Ti ringrazio per il chiarimento. Il punto è che in nessuno dei miei due PC, o meglio in nessuno dei due xorg.conf ho l'opzione "NoLogo" definita. Quindi per questo mi chiedevo se ci fosse qualcosa di strano.

----------

## table

 *fbcyborg wrote:*   

> Ti ringrazio per il chiarimento. Il punto è che in nessuno dei miei due PC, o meglio in nessuno dei due xorg.conf ho l'opzione "NoLogo" definita.

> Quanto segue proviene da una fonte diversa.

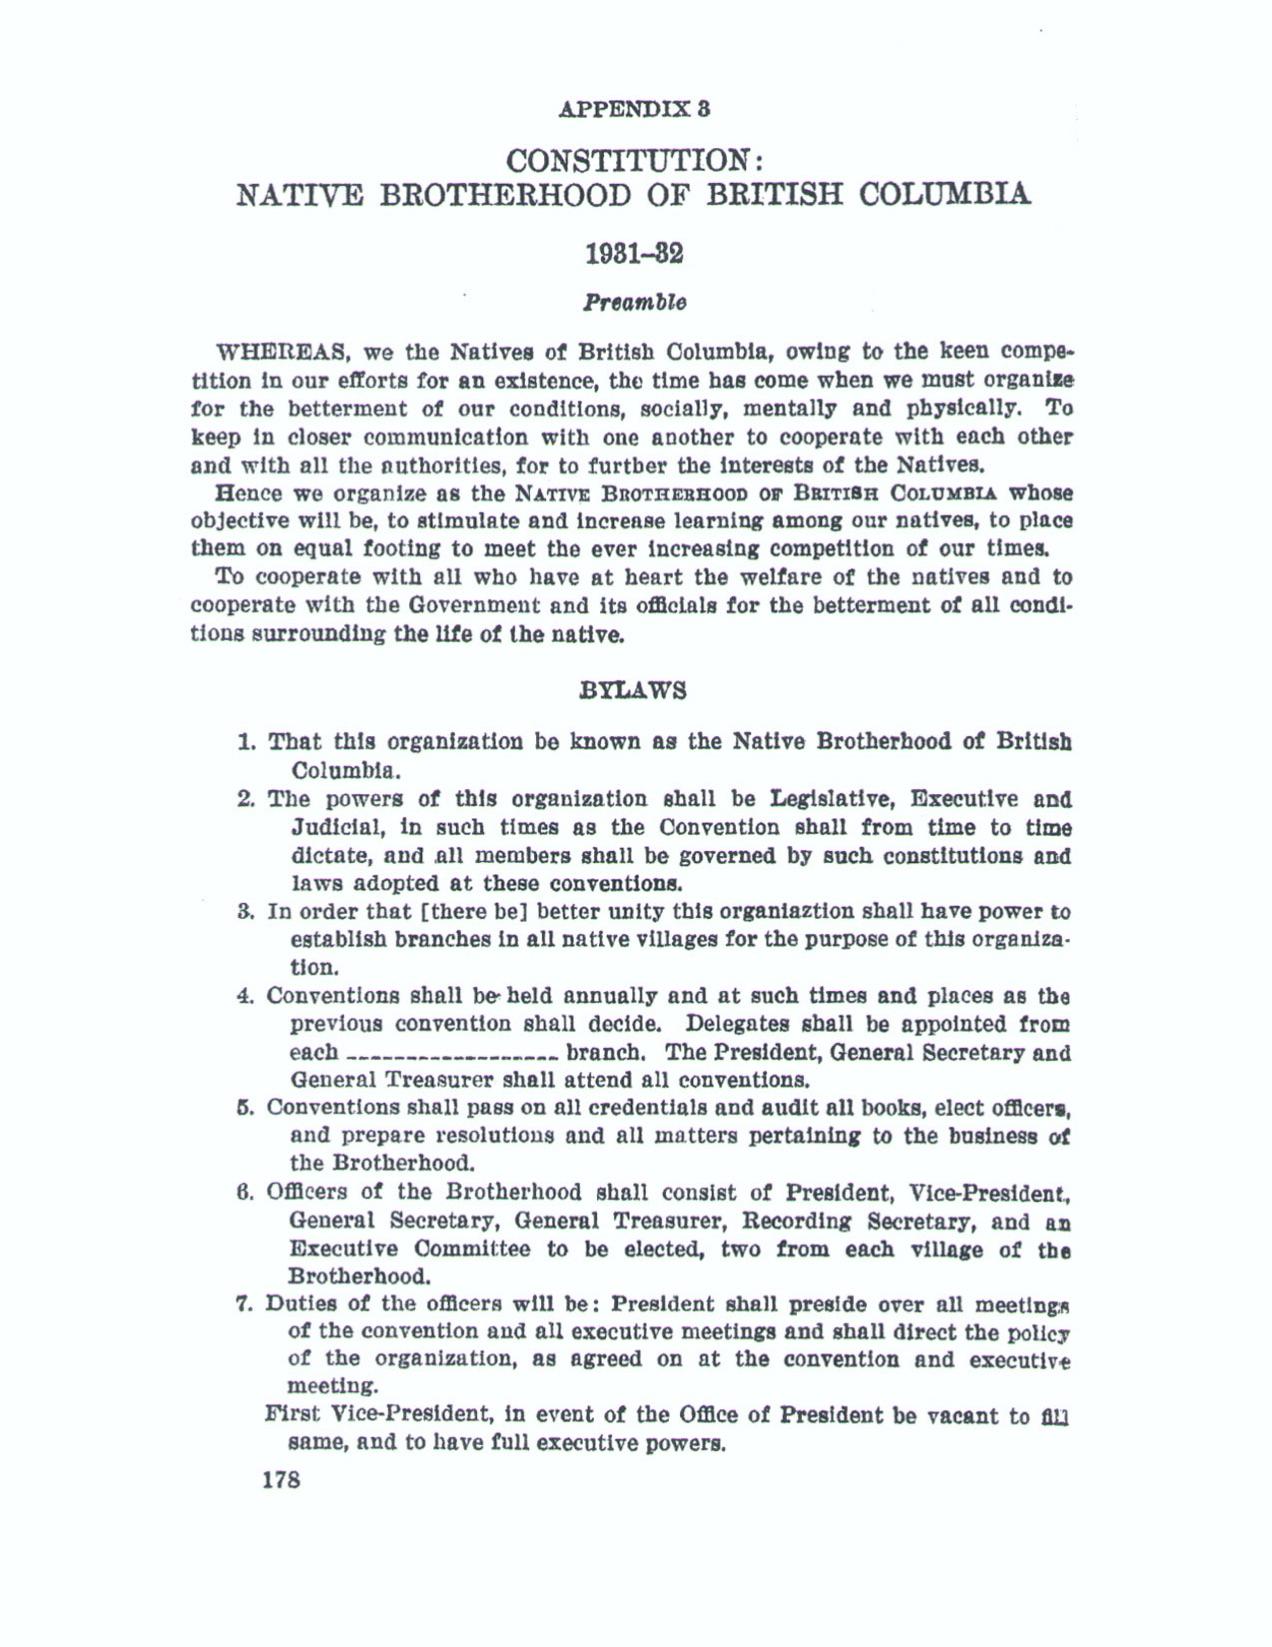 The first page of the constitution of the Native Brotherhood of BC

Quindi per questo mi chiedevo se ci fosse qualcosa di strano.

 

Magari (ma non ne sono certo visto che non ho nvidia ma l'avevo in passato) con gli ultimi driver nvidia hanno disabilitato il logo per default?

prova a forzarlo con xconfig

----------

## fbcyborg

Non credo, sul notebook e sul fisso ho la stessa versione dei driver e sul fisso, il logo, non lo vedo più già da tempo.

----------

## fbcyborg

Ho scoperto con molta rabbia (per motivi che sono legati ad altri fatti riguardanti il mio monitor) che era per colpa del mio dannato monitor se non vedevo il logo nvidia all'avvio.  :Sad:  In pratica è un monitor che ci mette una vita a proiettare il segnale che gli arriva dalla scheda, e quindi essendo che il logo nvidia rimane visualizzato per pochi attimi, non ce la faceva a visualizzarlo.

Infatti, cambiando monitor è comparso come di norma!

Beh, almeno s'è scoperto il motivo.

----------